SOURCE MATERIAL
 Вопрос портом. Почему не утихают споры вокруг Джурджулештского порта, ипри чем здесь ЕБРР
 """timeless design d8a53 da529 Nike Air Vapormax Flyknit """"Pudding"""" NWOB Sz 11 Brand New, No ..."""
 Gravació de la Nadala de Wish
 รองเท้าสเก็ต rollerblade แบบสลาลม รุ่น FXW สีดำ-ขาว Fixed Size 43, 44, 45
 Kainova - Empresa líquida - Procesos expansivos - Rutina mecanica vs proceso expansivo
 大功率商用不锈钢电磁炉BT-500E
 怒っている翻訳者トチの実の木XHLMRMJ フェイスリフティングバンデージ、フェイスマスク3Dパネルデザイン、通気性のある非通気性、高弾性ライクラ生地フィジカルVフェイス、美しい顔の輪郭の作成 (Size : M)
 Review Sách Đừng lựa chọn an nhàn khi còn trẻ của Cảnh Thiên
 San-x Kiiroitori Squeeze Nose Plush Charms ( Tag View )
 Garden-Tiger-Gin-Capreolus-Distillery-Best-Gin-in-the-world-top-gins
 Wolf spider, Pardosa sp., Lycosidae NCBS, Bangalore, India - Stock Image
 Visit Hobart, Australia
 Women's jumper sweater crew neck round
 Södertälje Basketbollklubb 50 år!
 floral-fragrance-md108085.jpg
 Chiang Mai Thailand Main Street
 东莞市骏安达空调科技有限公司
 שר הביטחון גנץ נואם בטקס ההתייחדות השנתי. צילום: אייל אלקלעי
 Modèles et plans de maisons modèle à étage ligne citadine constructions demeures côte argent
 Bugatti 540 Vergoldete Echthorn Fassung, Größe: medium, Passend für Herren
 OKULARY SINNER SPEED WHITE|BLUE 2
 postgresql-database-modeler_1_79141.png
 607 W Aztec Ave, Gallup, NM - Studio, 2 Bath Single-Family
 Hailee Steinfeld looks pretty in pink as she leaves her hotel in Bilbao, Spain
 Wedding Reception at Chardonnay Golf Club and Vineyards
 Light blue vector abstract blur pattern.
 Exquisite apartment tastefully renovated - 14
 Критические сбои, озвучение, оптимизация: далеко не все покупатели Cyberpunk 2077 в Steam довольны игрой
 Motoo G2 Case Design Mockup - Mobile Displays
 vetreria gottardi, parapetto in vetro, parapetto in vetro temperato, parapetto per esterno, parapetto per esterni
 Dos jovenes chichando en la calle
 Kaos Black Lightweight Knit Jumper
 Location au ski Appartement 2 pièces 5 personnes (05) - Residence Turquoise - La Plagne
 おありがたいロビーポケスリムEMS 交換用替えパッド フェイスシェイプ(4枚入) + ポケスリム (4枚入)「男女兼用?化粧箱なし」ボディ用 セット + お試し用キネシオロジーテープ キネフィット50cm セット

WHAT YOU NEED TO DO
Exactly as they appear, retype the lines from the start of the records through the line containing "OKULARY SINNER SPEED WHITE|BLUE 2".

YOUR RESPONSE
 Вопрос портом. Почему не утихают споры вокруг Джурджулештского порта, ипри чем здесь ЕБРР
 """timeless design d8a53 da529 Nike Air Vapormax Flyknit """"Pudding"""" NWOB Sz 11 Brand New, No ..."""
 Gravació de la Nadala de Wish
 รองเท้าสเก็ต rollerblade แบบสลาลม รุ่น FXW สีดำ-ขาว Fixed Size 43, 44, 45
 Kainova - Empresa líquida - Procesos expansivos - Rutina mecanica vs proceso expansivo
 大功率商用不锈钢电磁炉BT-500E
 怒っている翻訳者トチの実の木XHLMRMJ フェイスリフティングバンデージ、フェイスマスク3Dパネルデザイン、通気性のある非通気性、高弾性ライクラ生地フィジカルVフェイス、美しい顔の輪郭の作成 (Size : M)
 Review Sách Đừng lựa chọn an nhàn khi còn trẻ của Cảnh Thiên
 San-x Kiiroitori Squeeze Nose Plush Charms ( Tag View )
 Garden-Tiger-Gin-Capreolus-Distillery-Best-Gin-in-the-world-top-gins
 Wolf spider, Pardosa sp., Lycosidae NCBS, Bangalore, India - Stock Image
 Visit Hobart, Australia
 Women's jumper sweater crew neck round
 Södertälje Basketbollklubb 50 år!
 floral-fragrance-md108085.jpg
 Chiang Mai Thailand Main Street
 东莞市骏安达空调科技有限公司
 שר הביטחון גנץ נואם בטקס ההתייחדות השנתי. צילום: אייל אלקלעי
 Modèles et plans de maisons modèle à étage ligne citadine constructions demeures côte argent
 Bugatti 540 Vergoldete Echthorn Fassung, Größe: medium, Passend für Herren
 OKULARY SINNER SPEED WHITE|BLUE 2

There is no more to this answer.